Oxidative stress is convenient to quantify in the sense of toxicity and ecotoxicity because cells react with many defensive responses, easily counted as an enzyme or genetic reaction, to oxidative stresses [2]. Several in vitro toxicity tests of nanoparticles, for example, TiO2 and fullerenes, have shown that reactive oxygen species (ROS) is generated [3, 4]. This deceptive contrast illustrates the necessity in animals and individual cells to research nanoparticles' interactions and nanoparticles' mechanistic aspects.
Many nanoparticles are photochemically active to produce excited electrons to the sun. When oxygen is present, super radicals can be formed by direct transmission of electrons [5], in an ecotoxicity sense, circumstances in which species are simultaneously exposed to nanoparticles and light.

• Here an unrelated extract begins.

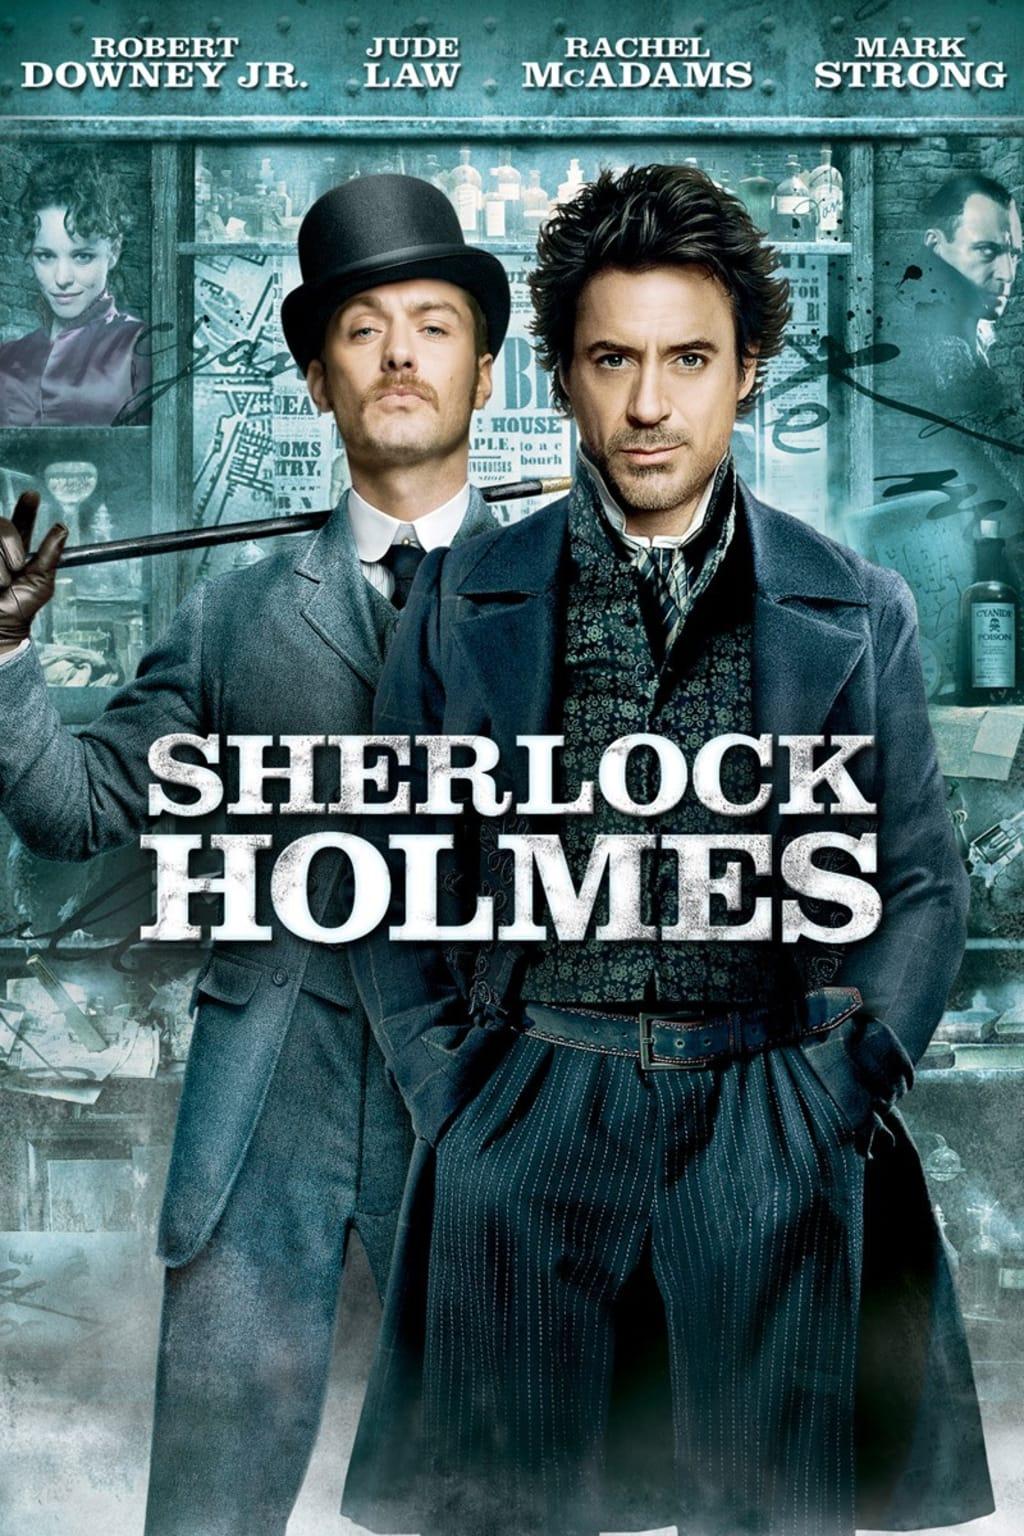 A Filmmaker's Guide: Guy Ritchie's 'Sherlock Holmes' (2009)
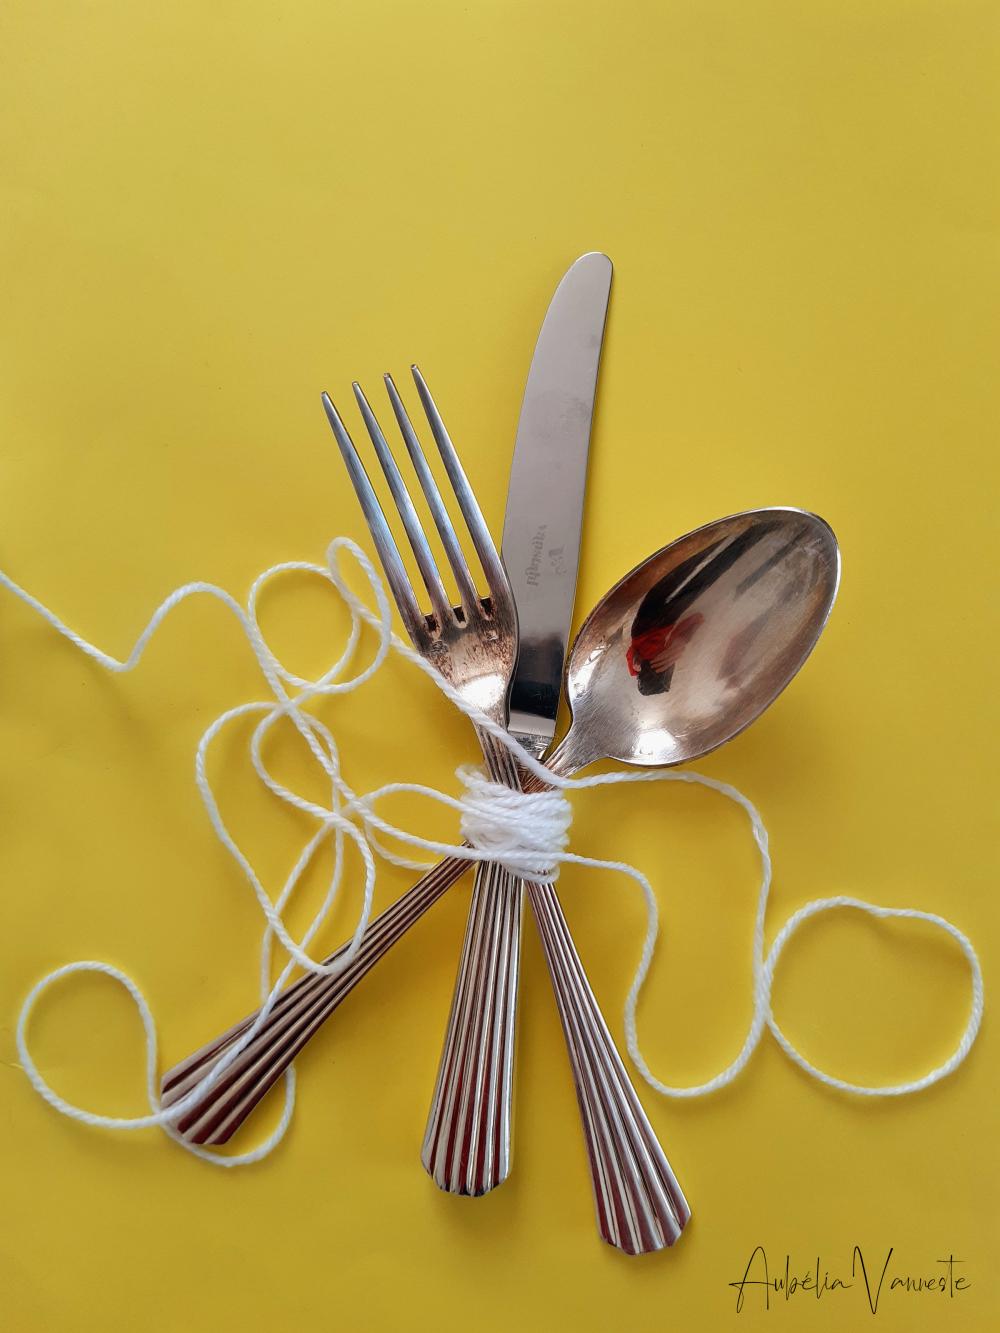 Nice cutlery

Ecotoxicity assessments are carried out at a range of trophic stages, including certain species and some exposure conditions, such as microorganisms, plants, invertebrates, and vertebrates. The structured protocols describe individual physical and physiological states and direction and growth and fertility. The benefits of microorganisms are all‐round and very diverse, tiny, and short generation [6].

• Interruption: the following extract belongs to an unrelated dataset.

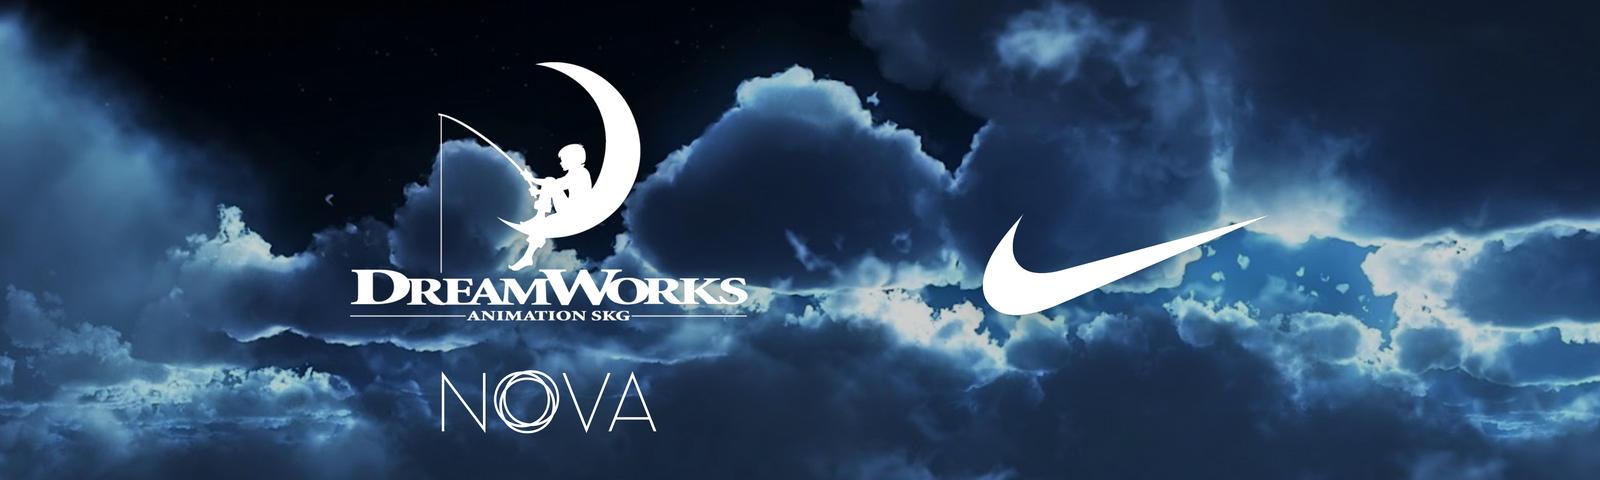 Nike_DreamWorks_NOVA_native_1600

Apart from microorganisms, there are many very useful organisms from different environments that may be used in ecotoxicity testing. Organisms of different trophic levels from primary producers to predators can be of concern because they accumulate in the food chain (bioamplification). This is because of environmental contaminants. Organisms can also be chosen depending on multiple habitats in the soil and water because they become essential to the biogeochemical cycling of elements [5] for carrying out an environmental method. Ecotoxicity means toxicity exclusively for species of ecological concern. Simultaneously, the term bioassay requires the assessment of toxicity or stress by a substance within an ecological matrix that applies to live in the nature of the organism.

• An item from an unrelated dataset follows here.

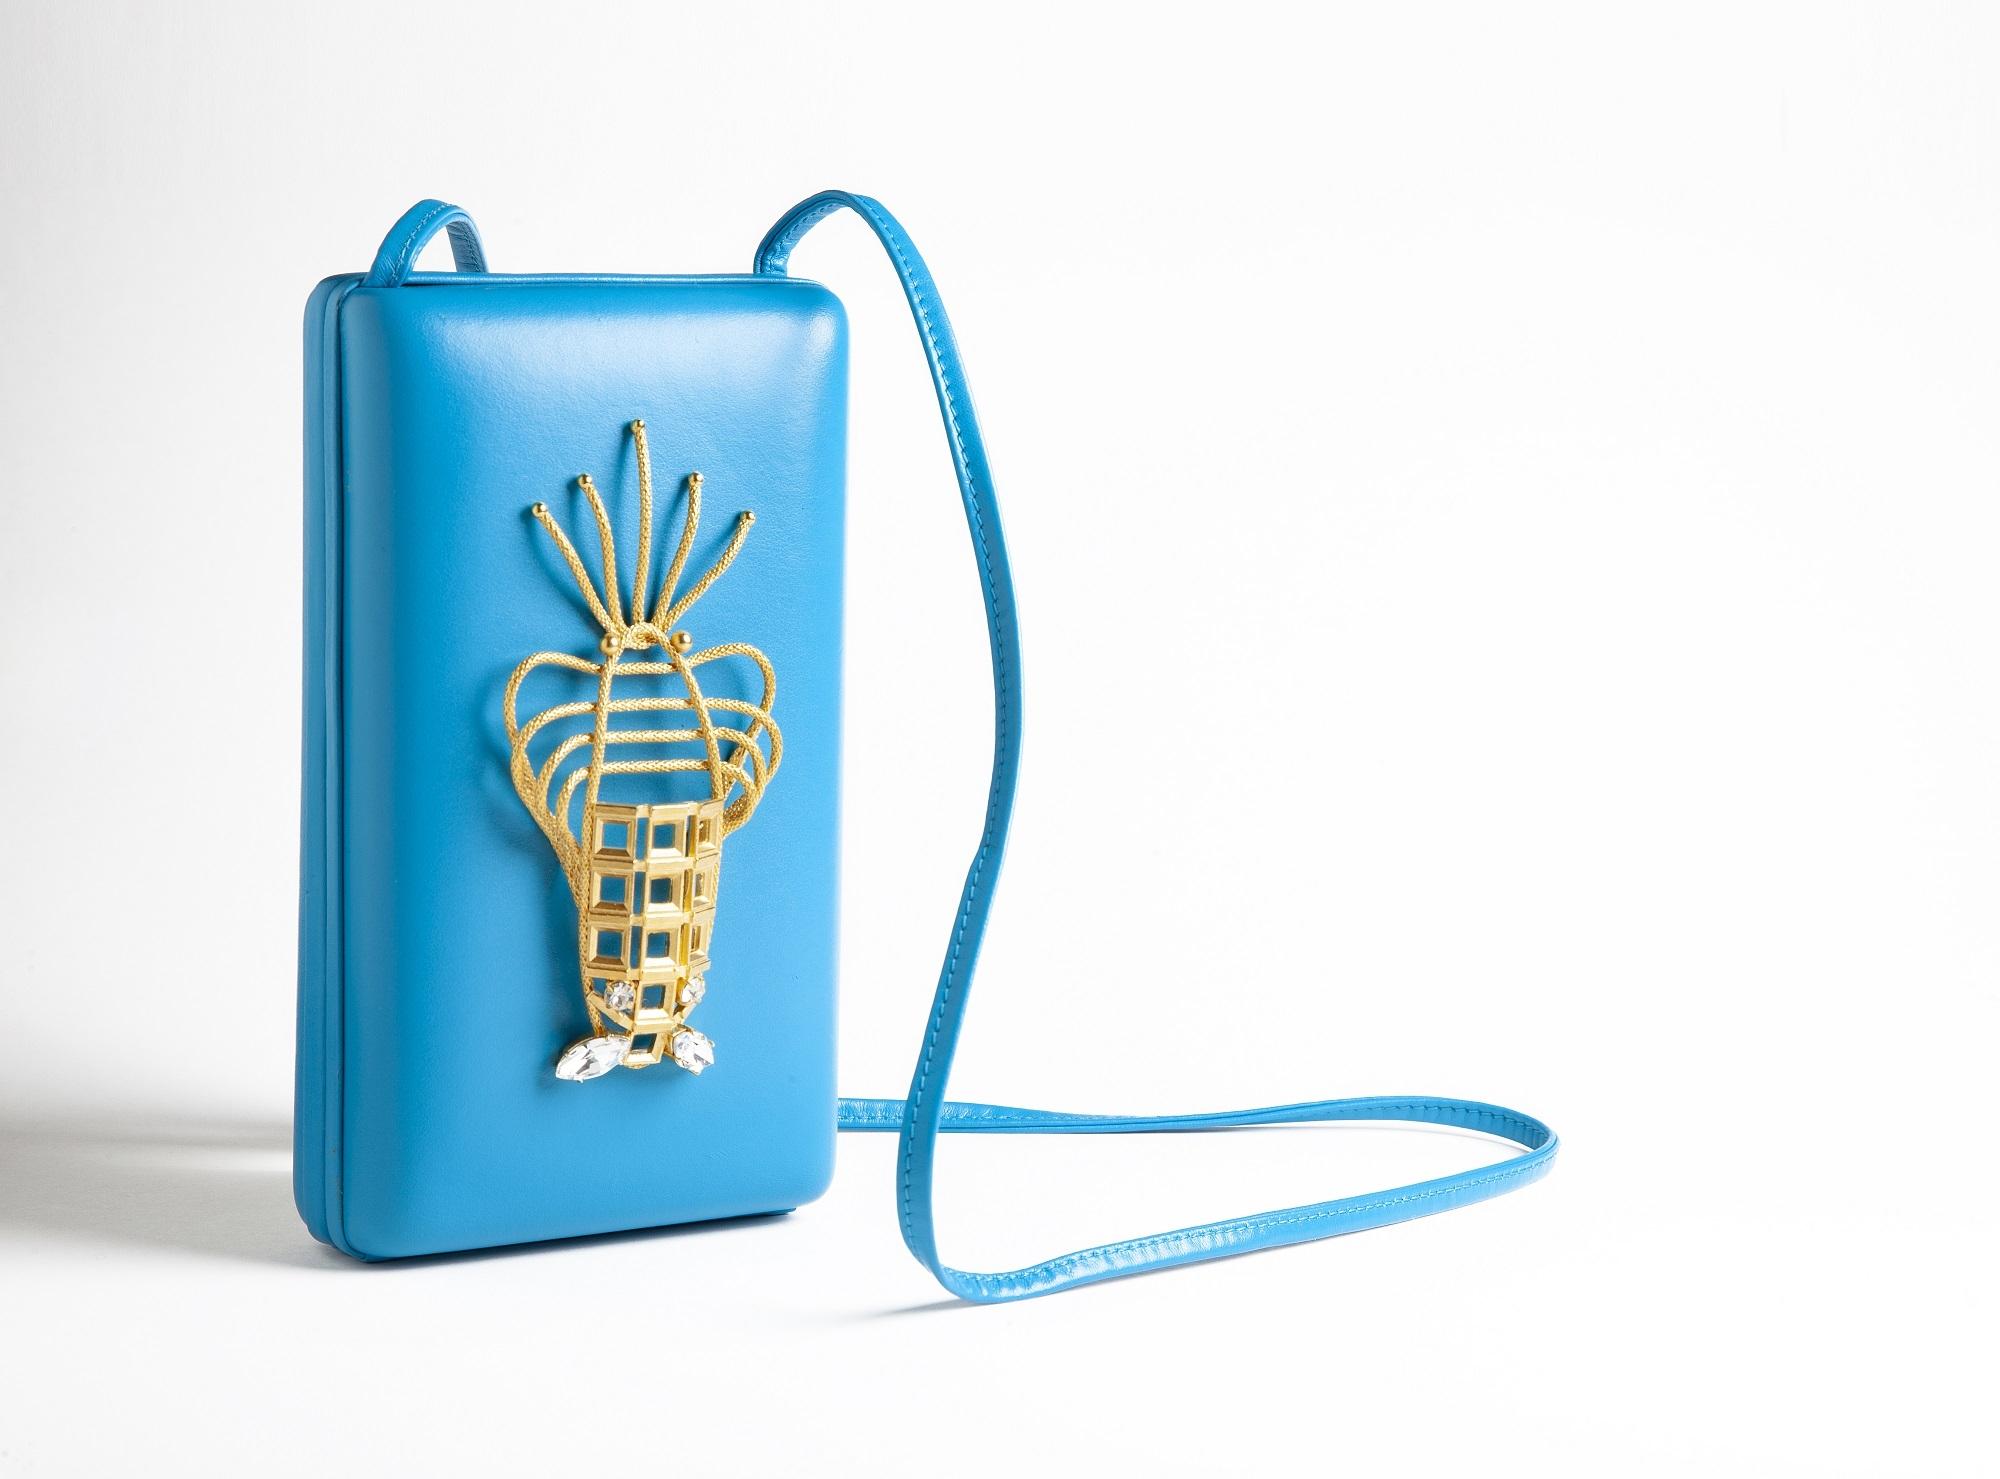 Blue Lobster Luxury Handbag by Sonia Petroff on curated-crowd.com

The exposure of fish to nanoparticles in pure water can, therefore, constitute an ecotoxicity trial while exposure of fish to nanoparticles in saltwater results in dissolution of organic carbon (DOC) [6]. Changes in nanoparticles such as ions, natural colloids, and other locked surfaces as they come in contact with the environmental matrix components would likely affect not only mobility, aggregation, and so on. Still, they will also change the toxicity properties [7]. Ecotoxicology, as in traditional toxicology, can also use a wide range of physiological and genetic endpoints. The functional testing of ecotoxic species nevertheless contributes to the difficulty of such studies. Very pure systems have been used in most research on nanoparticulate adverse effects, where nanoparticles can interact with matrix constituents that affect bioavailability [6].
The safety doubts of NPs were emphasized, and their use was investigated both purposely and accidentally concerning the potential dangers associated with NPs [8, 9]. Massive industrial processing of nanoparticles might soon lead to the presence, in different environments and humans, of both nanoparticles and waste produced when presenting them. Once you evaluate nanoparticles' hazards from the environmental perspective, there is a paradox that potentially harmful nanoparticles often possess the potential of creating the so‐called green chemistry. These more environmentally friendly processes can be used in ecological contaminants [10]. Examples are the use of engineered nanoparticles to treat water and fix the water, which has proven successful and has also created questions about human exposures to nanoparticles in treated water. Research to determine whether or not a substance is harmful includes assessing the material's inherent toxicity and its interaction with living cells [11]. In in vitro and in vivo toxicological tests, the doses or dosage levels used are most often too high relative to actual accidental human exposure [8].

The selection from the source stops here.